Note that if this hypothesis is rejected (and the factor has more than
two levels), one option could be to use the maxp.diff function in
order to obtain the differences between each pair of factor's levels.
Note that the models fitted by localtest function are specified
in a compact symbolic form. The ~ operator is basic in the formation
of such models. An expression of the form y ~ model is interpreted as
a specification that the response y is modelled by a predictor
specified symbolically by model. The possible terms consist of a
variable name or a variable name and a factor name separated by : operator.

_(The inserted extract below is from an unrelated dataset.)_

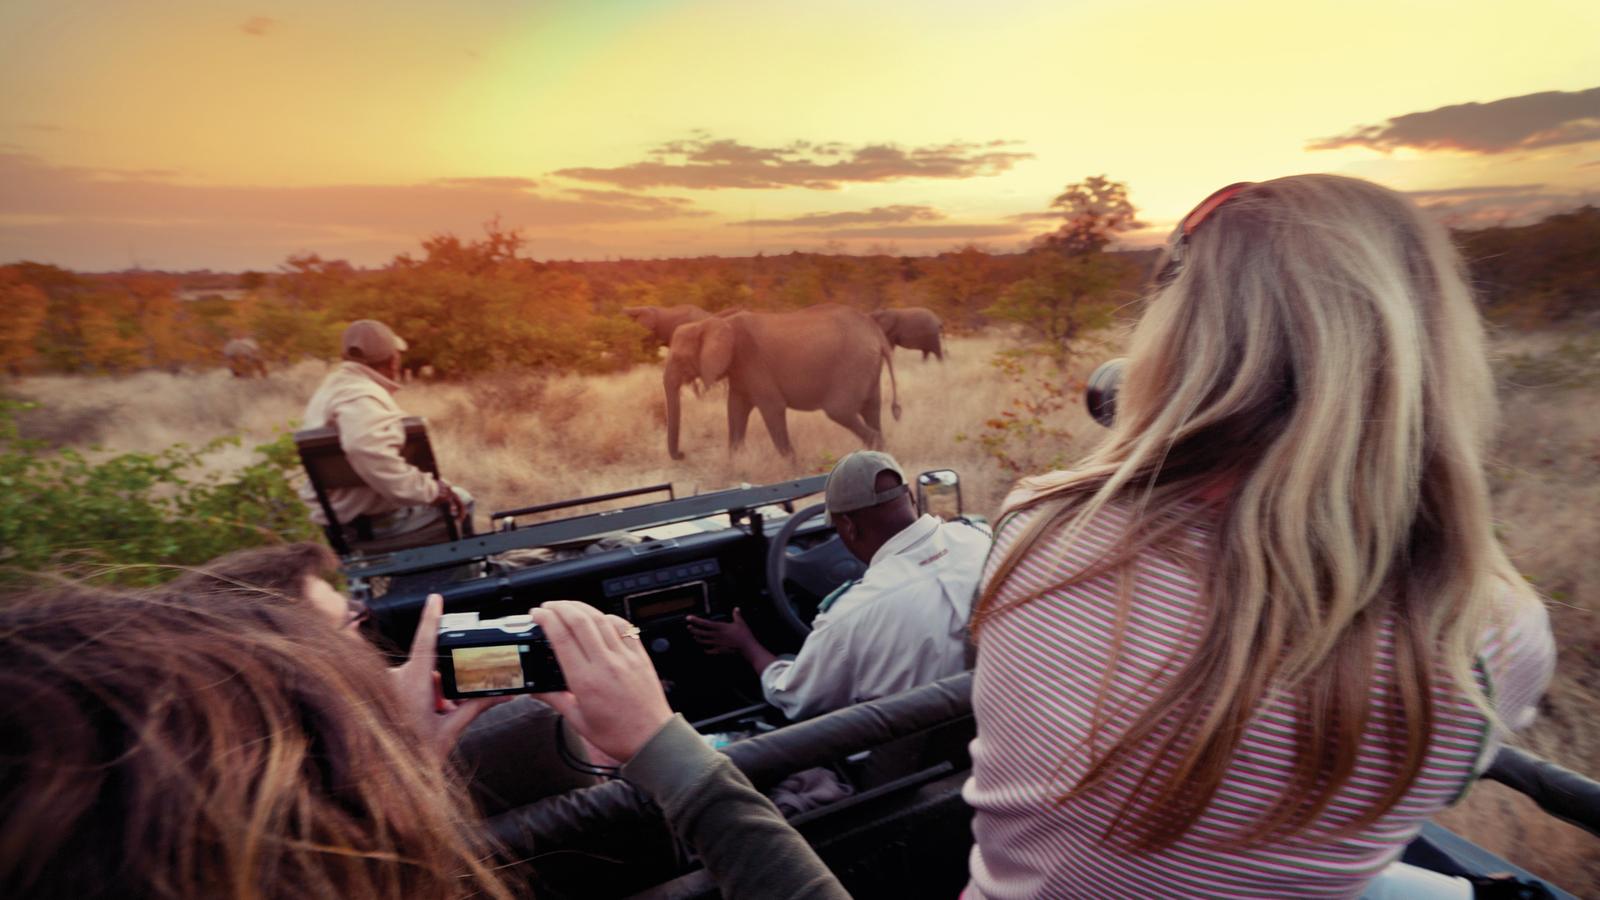 Kruger national park wildlife

Such a term is interpreted as the interaction of the continuous variable and
the factor. However, if smooth = "splines", the formula is based on the function
formula.gam of the mgcv package.
References
Sestelo, M. (2013). Development and computational implementation of estimation and inference methods in flexible regression models. Applications in Biology, Engineering and Environment. PhD Thesis, Department of Statistics and O.R. University of Vigo.
Sestelo, M., Villanueva, N.M., Meira-Machado, L., Roca-Pardinas, J. (2017). npregfast: An R Package for Nonparametric Estimation and Inference in Life Sciences. Journal of Statistical Software, 82(12), 1-27.